Евгений приходил в восемь — купать их и укладывать спать, уходил, когда они засыпали.
В доме было непривычно тихо. Она никак не могла привыкнуть к тишине, но даже радио у них ещё не было до сих пор. И она жила сама с собой.
Краски и холсты Евгений ей покупал. И каждый день приносил сигареты, только просил не курить при детях.
В доме появлялось всё больше новых, перестроечных книг. Полки сделал свёкор. Не полки, стеллажи. Они заняли всю стену в гостиной, но пока кое-где зияли обоями.
У неё было всё — муж, дети, красивая квартира, и у неё не было ничего.
3
Своих родных она вроде и не замечала, когда жила с ними дома — всегда была полна видениями и собственными чувствами.
Теперь же, оставшись одна, слышала голоса сестёр, брата, матери, тёток. Мать рассказывала о полимерах, одна из сестёр — о неопознанной болезни (набухшие лимфоузлы, судороги, температура), другая — об ученике, написавшем рассказ о ботинке, брат — о самолёте, способном одновременно плавать по воде.
Часто вспоминался отец.
Передвигается на коленках, тянет по плинтусам рельсы к прибору, предназначенному расправиться с тараканами.

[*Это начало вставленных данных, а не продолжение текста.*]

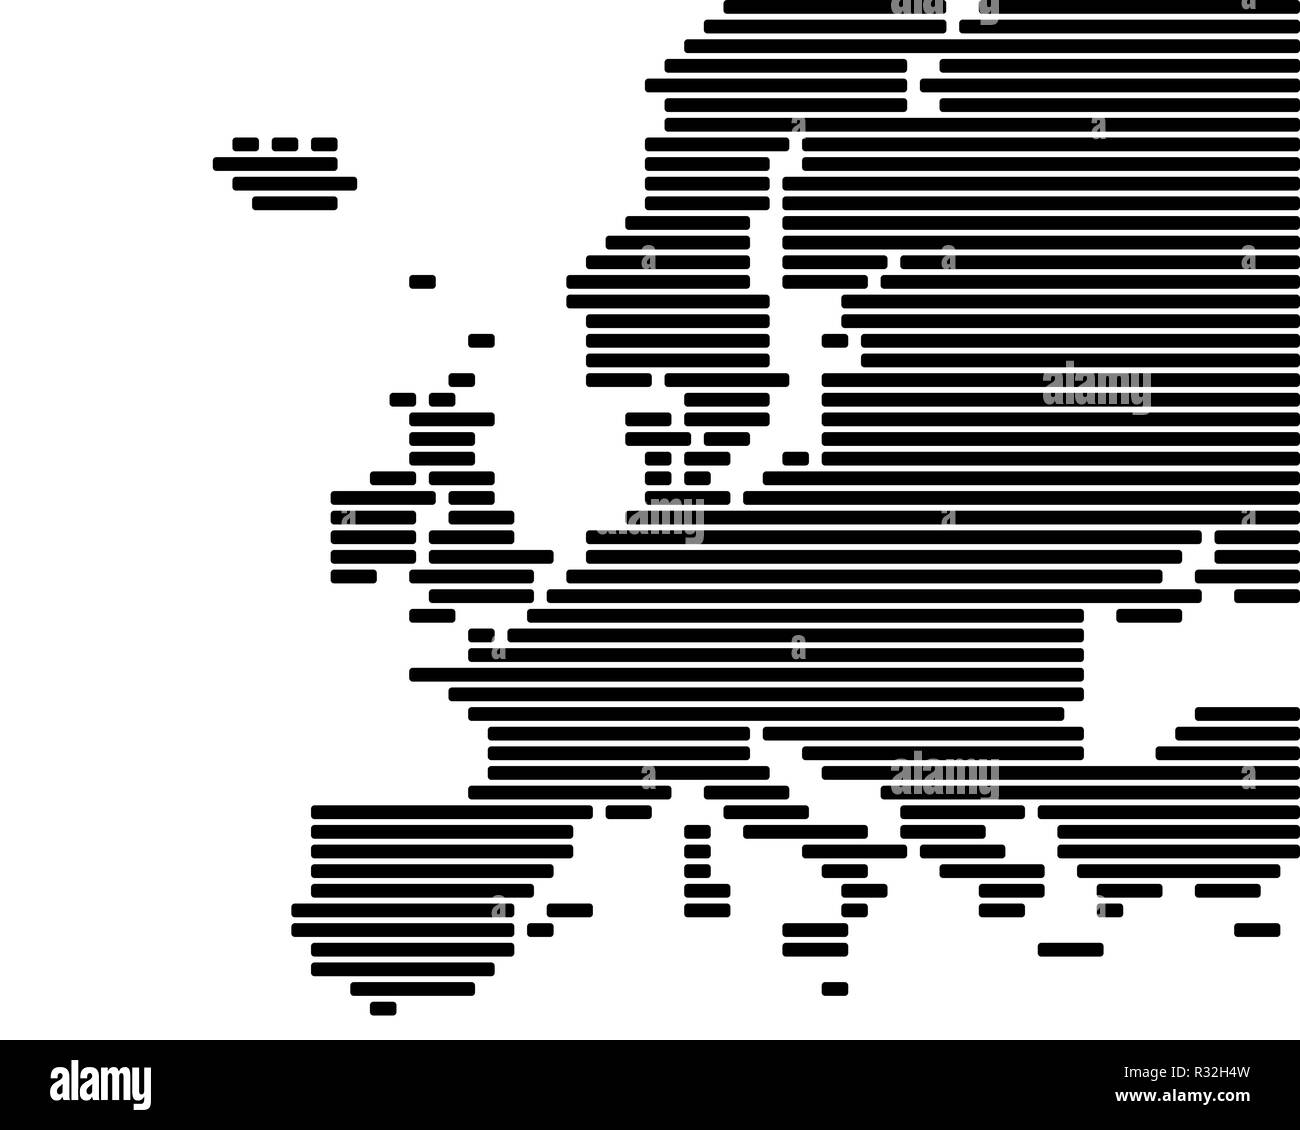 map-of-europe-stock-photo-alamy

Или вдохновенно что-то вытачивает на своём токарном станке.
Или барабанит по клавишам и поёт: «По улице ходила большая крокодила». Слуха у него не было совсем, и уши начинали болеть от фальшивых звуков, от грохота мучавшихся, бедных клавиш. А играть отец мог и час, и два — до тех пор, пока не придёт мама и не накормит его. Своей «Крокодилой» он возвещал о том, что хочет есть. Часто в холодильнике стояла готовая еда, но достать её и подогреть был не в состоянии. И вообще что-то сделать для себя был не способен.
Она — в него: лучше голодать, чем заниматься чем-то не творческим.
Голос отца звучит в её собственном доме.
А мать у неё — тихая. Лишь о физике может говорить часами. А так, варит суп, моет посуду…
Дом её детства.
Играют дети…
Многоголосица разговоров, запах варёных овощей, возбуждённые лица… у каждого есть дело.
И большой стол — для уроков, проверки тетрадей, книг, игр.
Бахтин говорил о полифонии в романах Достоевского. Жизнь их семьи — полифония. Все они собраны в единое целое — в оркестр. Звучит концерт, в котором за роялем её любимая тётка, мамина сестра.
Вера смотрит за окно, в заснеженный, утрамбованный двор, там бегают дети и на скамьях сидят старухи. Звуки двора почти не долетают до их восьмого этажа, и тишина давит на уши.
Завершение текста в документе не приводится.